Patients, total number | 36,043 |
---|---|
Deaths (%) | 3,895 (10.8%) |
Age, mean (IQR) | 61.9 (51-76) |
Of which male (%) | 20,836 (57.8%) |
Type of ICU | |
Coronary care | 5,255 (14.6%) |
Cardiac surgery recovery unit | 7,394 (20.5%) |
Medical (including Neuro ICU) | 12,549 (34.8%) |
Surgical | 5,963 (16.5%) |
Trauma/Surgical | 4,882 (13.6%) |
The results of various models are presented in Table 3. The GAM outperformed a logistic regression model based on SAPS, with 10-fold cross-validated estimates of AUCs of 0.908 for the GAM versus 0.794 for logistic regression on SAPS, and 0.874 for logistic regression on OASIS. In addition, the performance of the GAM compares well to those of other models tested on the fused dataset; while an AUC of 0.910 was estimated for the gradient boosting machine (GBM) - the best-performing model in terms of raw AUC -- this difference was not statistically significant at the 0.05 confidence level, as the 95% CI for the estimate of the AUC obtained for the GBM failed to exclude 0.908. Furthermore, in a sensitivity analysis, using the a normalized tfidf metric incorporating a sublinear term frequency did not improve performance compared to the raw tfidf metric for each unstructured input, and so all performance estimates presented are based on the use of the latter metric. Finally, a GAM fit on fused data appears to yield statistically significantly better performance compared to a GAM fit on features derived from structured data alone.
Table 3.
Model | AUC (95% CI) |
---|---|
Logistic regression on SAPS score only | 0.794 (0.790-0.798) |
Logistic regression on OASIS score only | 0.874 (0.864-0.881) |
Logistic regression on fused dataset (FUSED) | 0.857 (0.841-0.872) |
Gradient boosting machine on FUSED | 0.910 (0.901-0.920) |
Support vector machine on FUSED | 0.873 (0.855-0.893) |
Generalized additive model on structured features | 0.853 (0.840-0.866) |
Generalized additive model on FUSED | 0.908 (0.898-0.917) |
Examples of univariate risk curves estimated by the GAM for single features are presented in Figure 1. Bivariate risk surfaces estimated for pairs of features, where both derive from unstructured data are presented in Figure 2, while those estimated for pairs where one feature derives from structured data and the other from unstructured data are presented in Figure 3. The univariate risk surfaces in Figure 1 appear to more accurately recapitulate the nonlinear nature of the relationships between these features and mortality. While the GAM does not provide summary estimates of the relative influence of each feature as a GLM would by estimating a single coefficient, some of the most influential features, as given by the p- value for the significance of the smooth term, were the features derived from GCS scores, particularly the mean GCS over 24 hours, the difference in GCS (AGCS) over this window, and the slope of the linear trend fit to these scores.
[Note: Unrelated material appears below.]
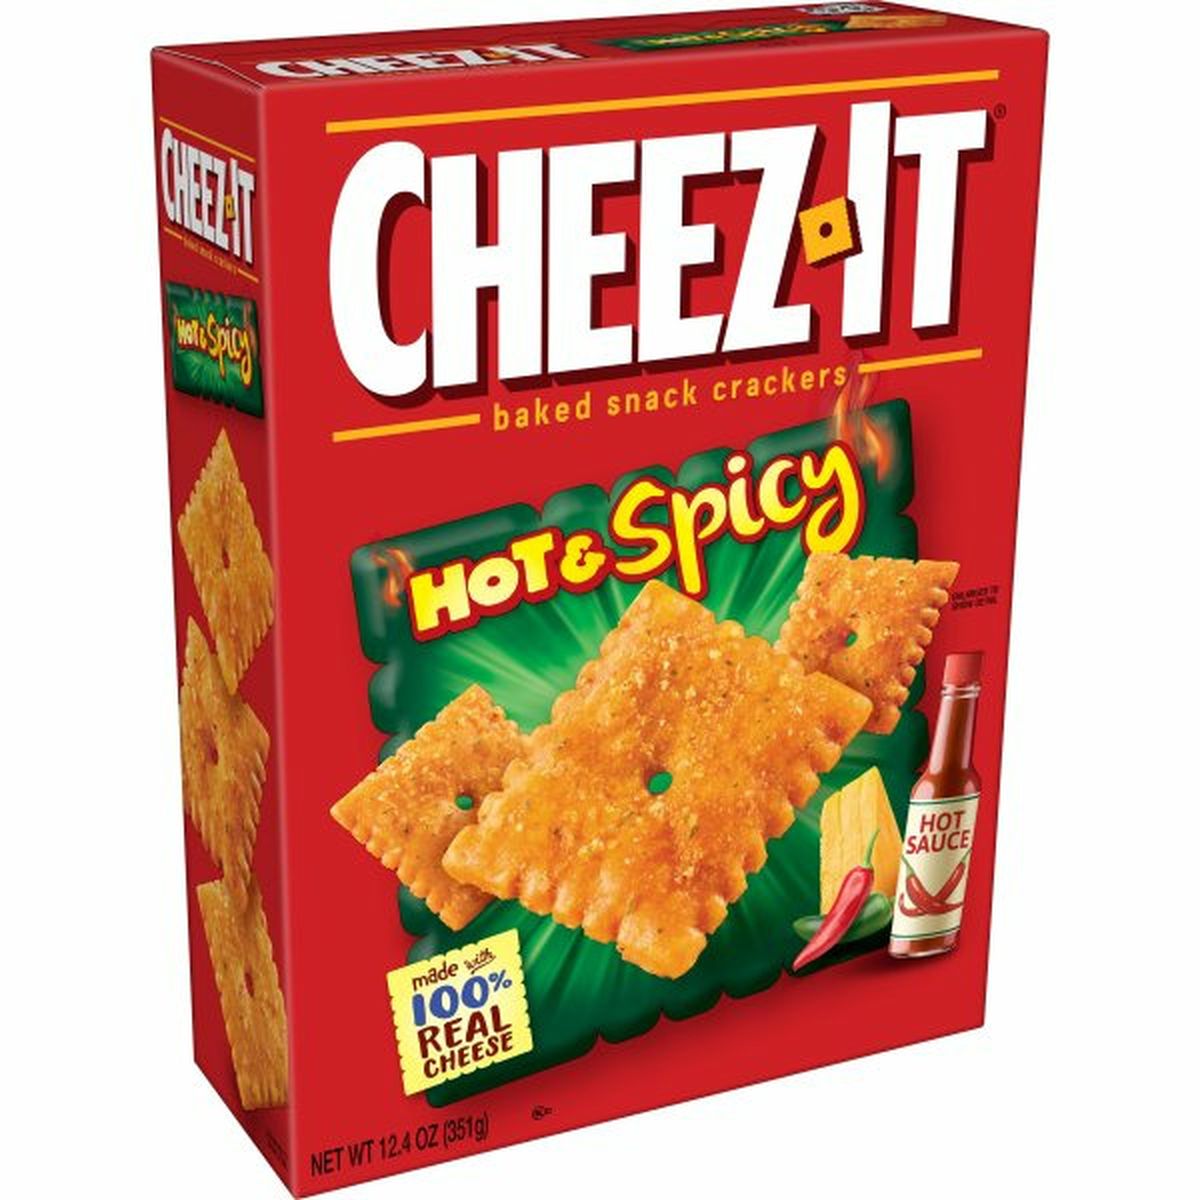 Calories in Cheez-It Crackers Cheez-It Baked Snack Cheese Crackers, Hot & Spicy, 12.4oz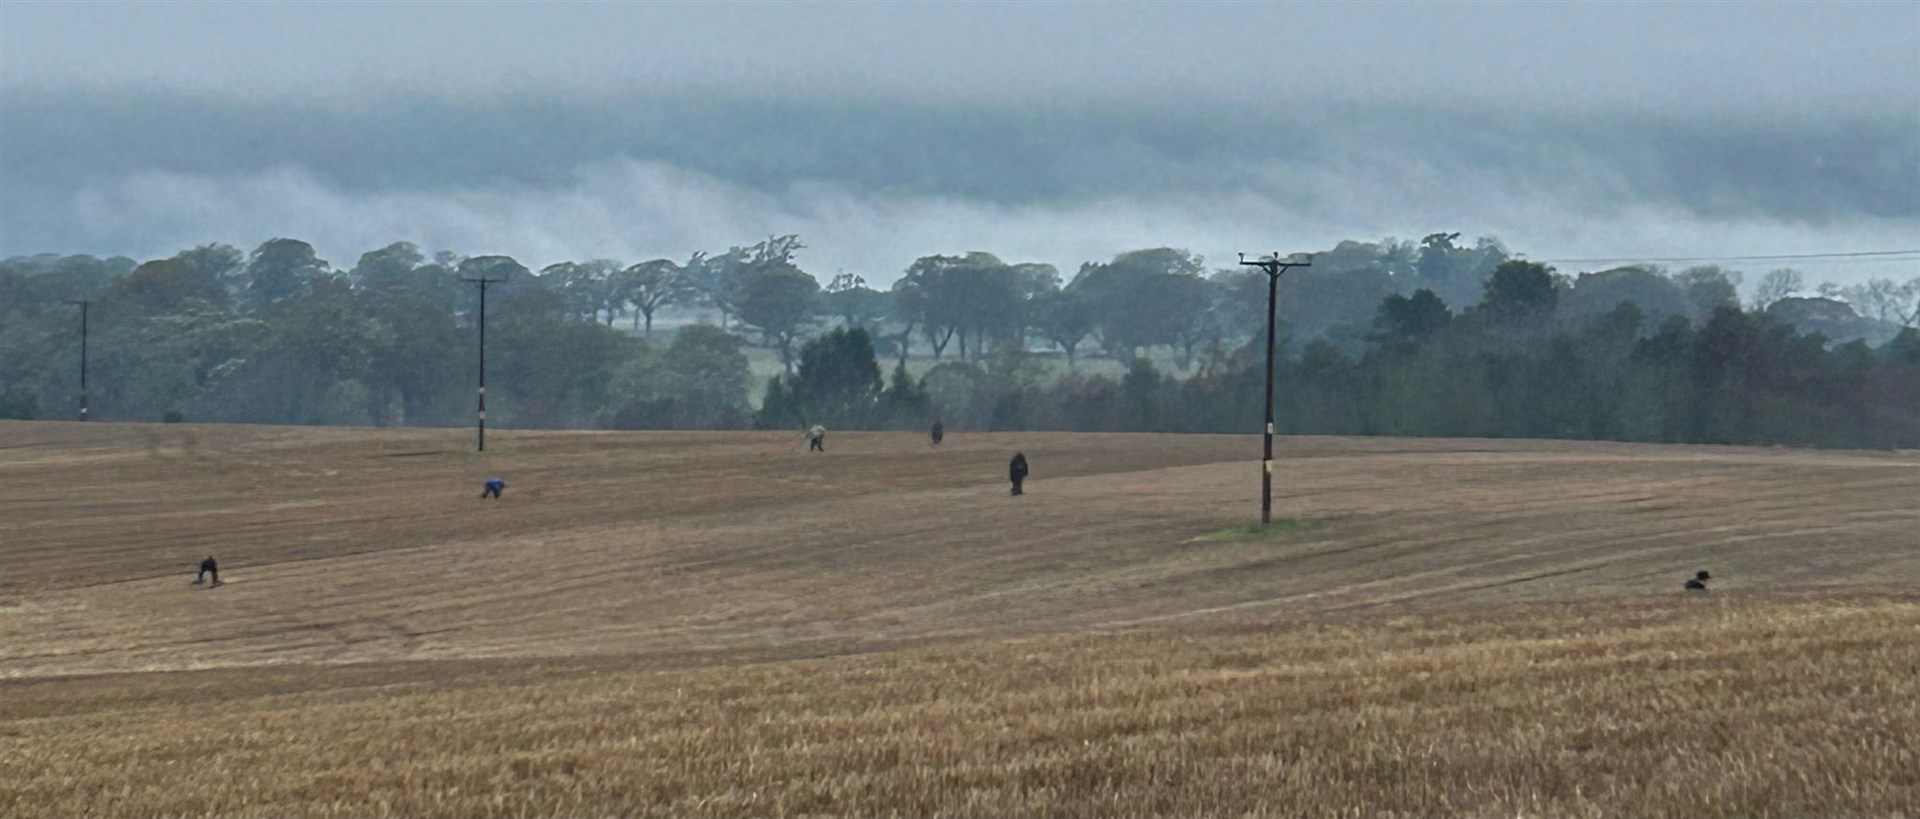 A stubble field with detectors busy scanning.

Other influential features included patient age, and their mean sodium, potassium, and lactate levels, the smooths of which are shown in Figure 1. Some of the most influential unstructured features, again selected on the basis of their p-value, included “expired”, “CMO”, “midline shift”, “posturing”, and “BMT” (bone marrow transplant).
The bivariate plots presented in Figures 2 and 3 exhibit some interesting properties. First, these plots can beused to assess linear dependence between the features, as can be seen in the plots in Figure 2, as well as in Figure 3A. Second, a “phase transition” can be observed in Figure 3B, where the relationship between the windowed mean of the mean arterial pressure (MAP) and a term mention related to vasopressor medication, here “pressors”, begins to exhibit linear dependence for mean MAPs below 65 mm Hg. Similar patterns were observed for other related term mentions, including “levophed”, and “dopamine”, among others.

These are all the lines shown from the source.